Mapr (HP) Hadoop Developer Certification Questions and Answers (Dumps and Practice Questions)

Question : Arrange following in correct order of execution
A. call to main() method
B. Instantiation of new Configuration object
D. job.waitForCompletion()
C. Calling ToolRunner.run() static method

1. A,B,C,D
2. D,C,B,A
3. Access Mostly Uused Products by 50000+ Subscribers
4. B,A,C,D
5. A,C,D,B

Correct Answer : Get Lastest Questions and Answer :
Explanation:

Question : Select the correct statement for Driver class

1. Driver class needs to check input argument if input directory path is provided or not.

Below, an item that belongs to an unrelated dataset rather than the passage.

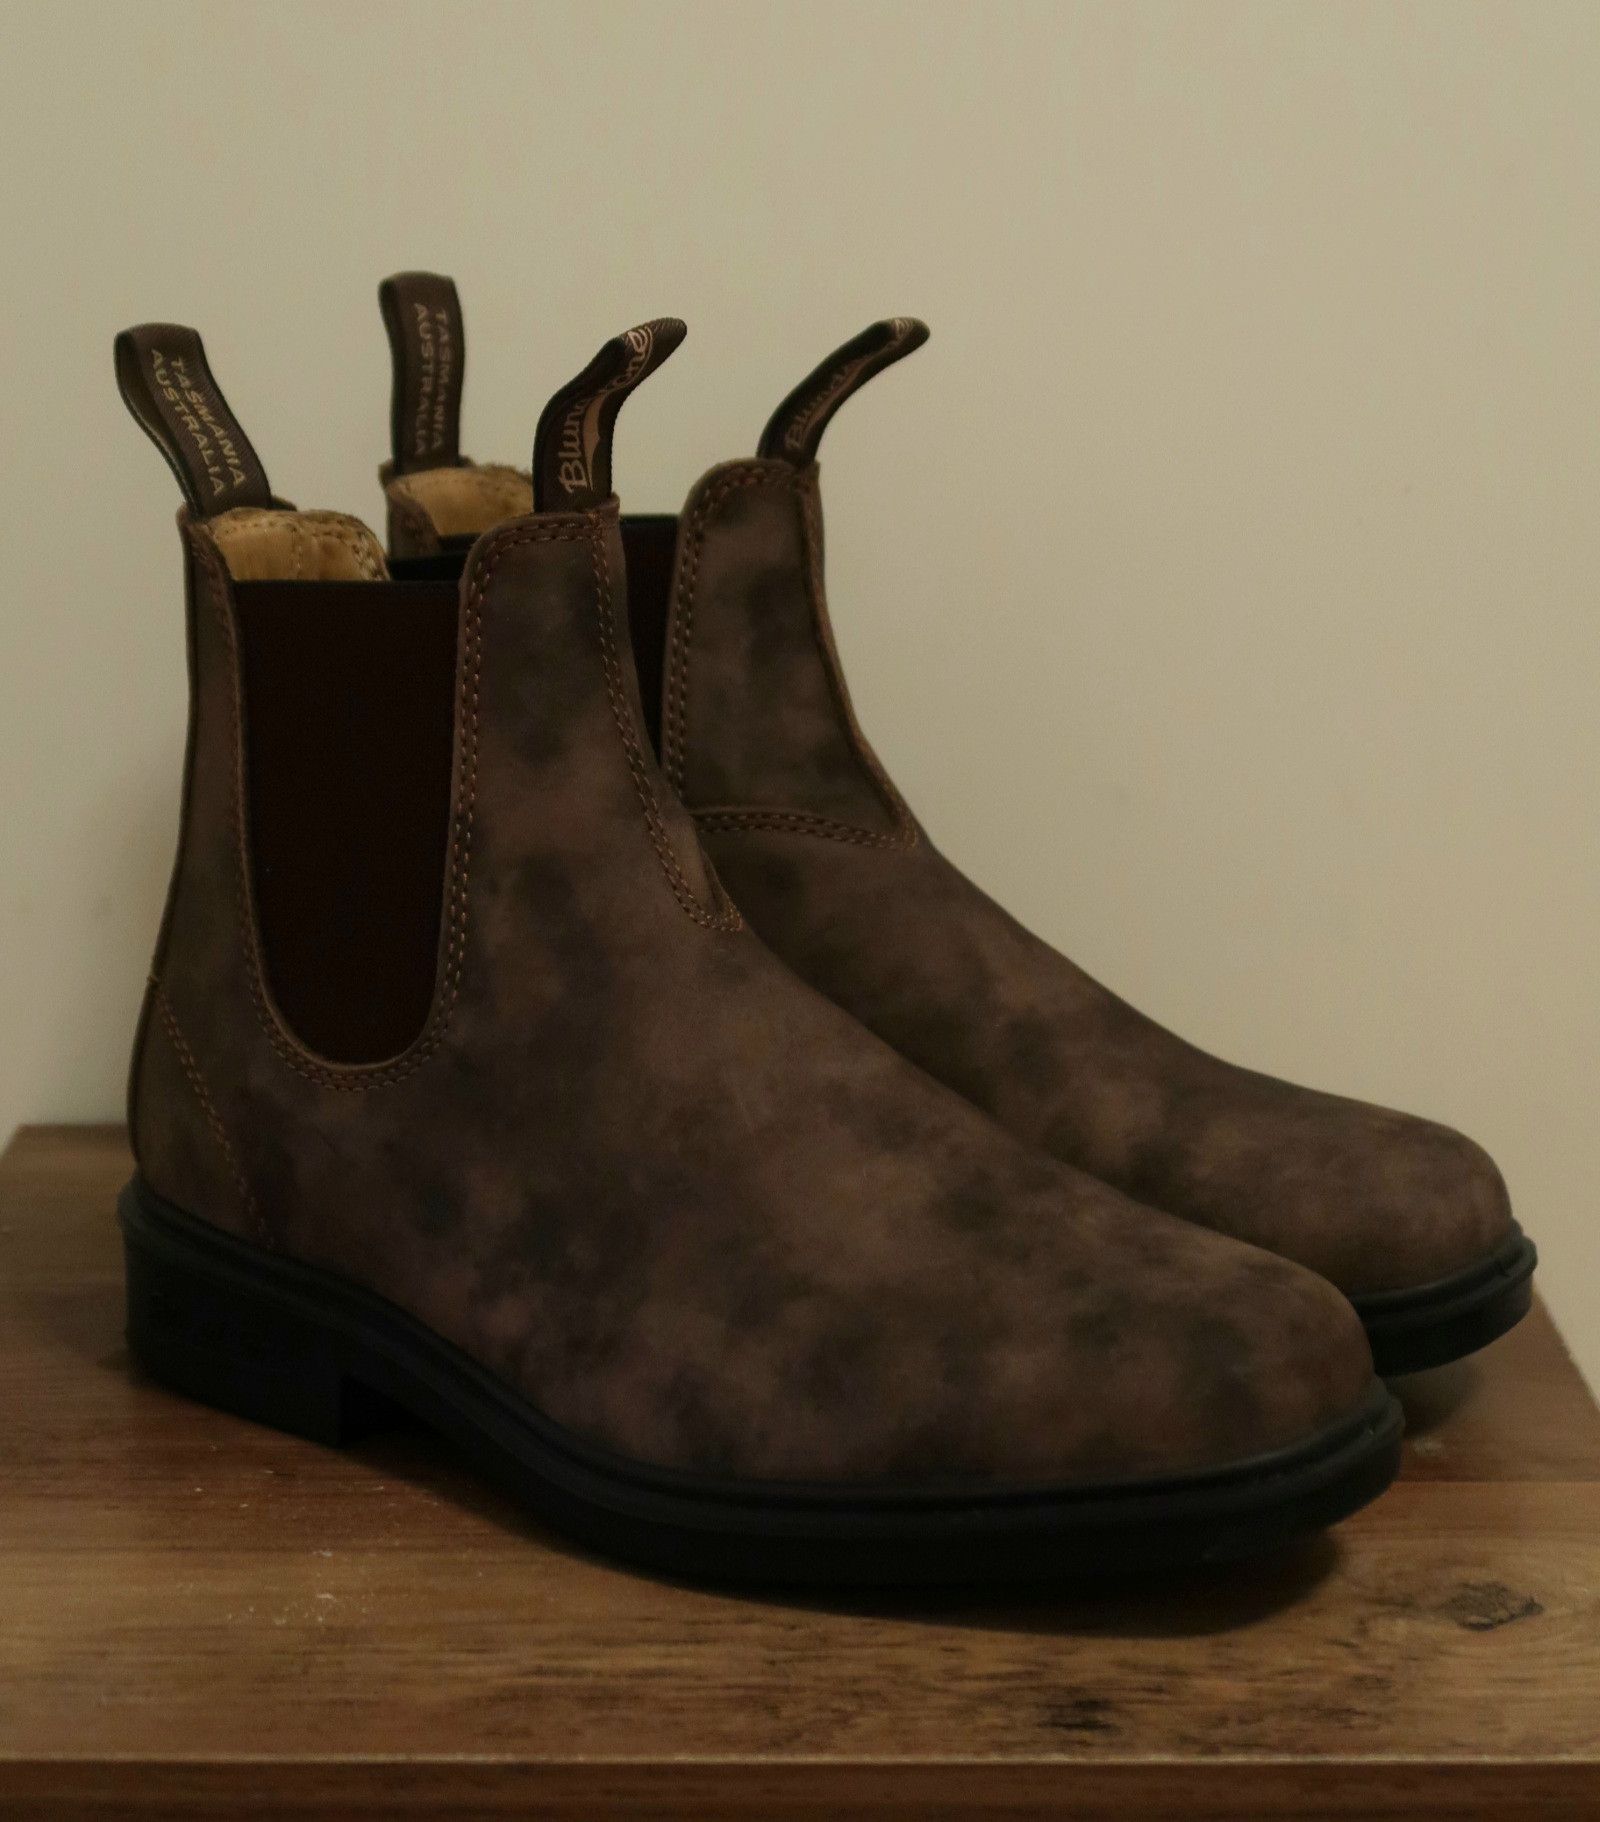 Blundstone David Beckham - Blundstone 1306 chelsea boots | Grailed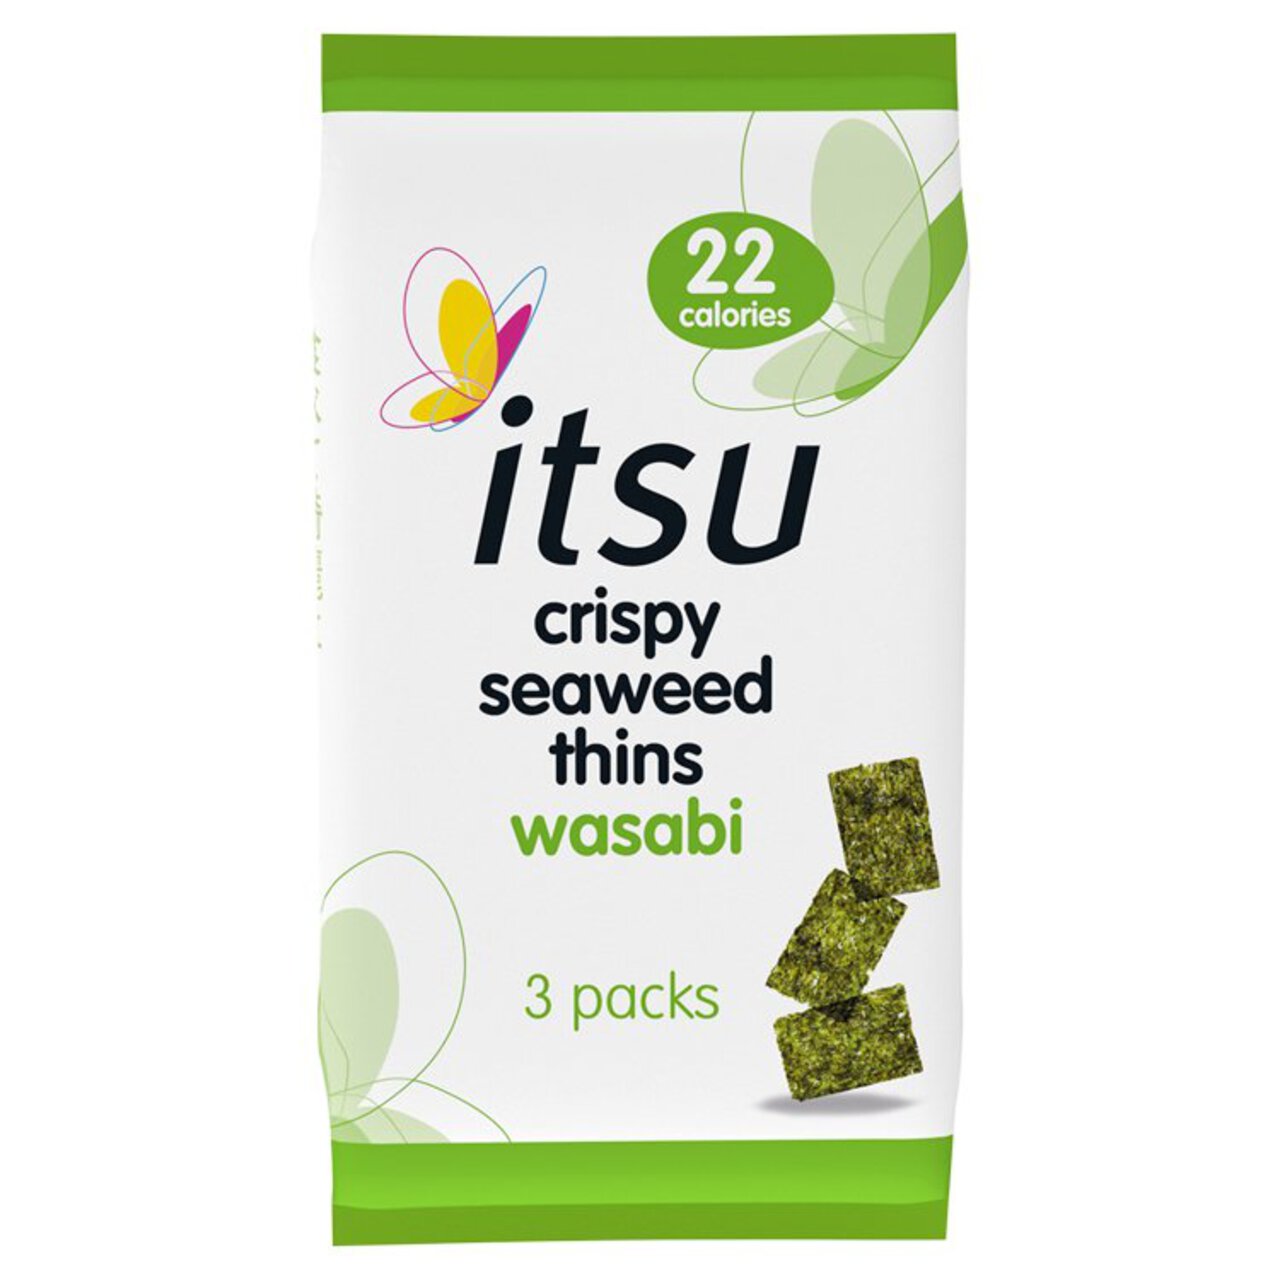 Itsu wasabi crispy seaweed thins multipack 3 per pack

2. We have to configure mapper.reducer in Driver class only

3. Access Mostly Uused Products by 50000+ Subscribers

4. 1,3

5. 1,2,3

Correct Answer : Get Lastest Questions and Answer :
Explanation: The Driver class first checks the invocation of the command (checks the count of the command-line arguments provided)

It sets values for the job, including the driver, mapper, and reducer classes used.
In the Driver class, we also define the types for output key and value in the job as Text and FloatWritable respectively. If the mapper and reducer classes
do NOT use the same output key and value types, we must specify for the mapper. In this case, the output value type of the mapper is Text, while the output
value type of the reducer is FloatWritable.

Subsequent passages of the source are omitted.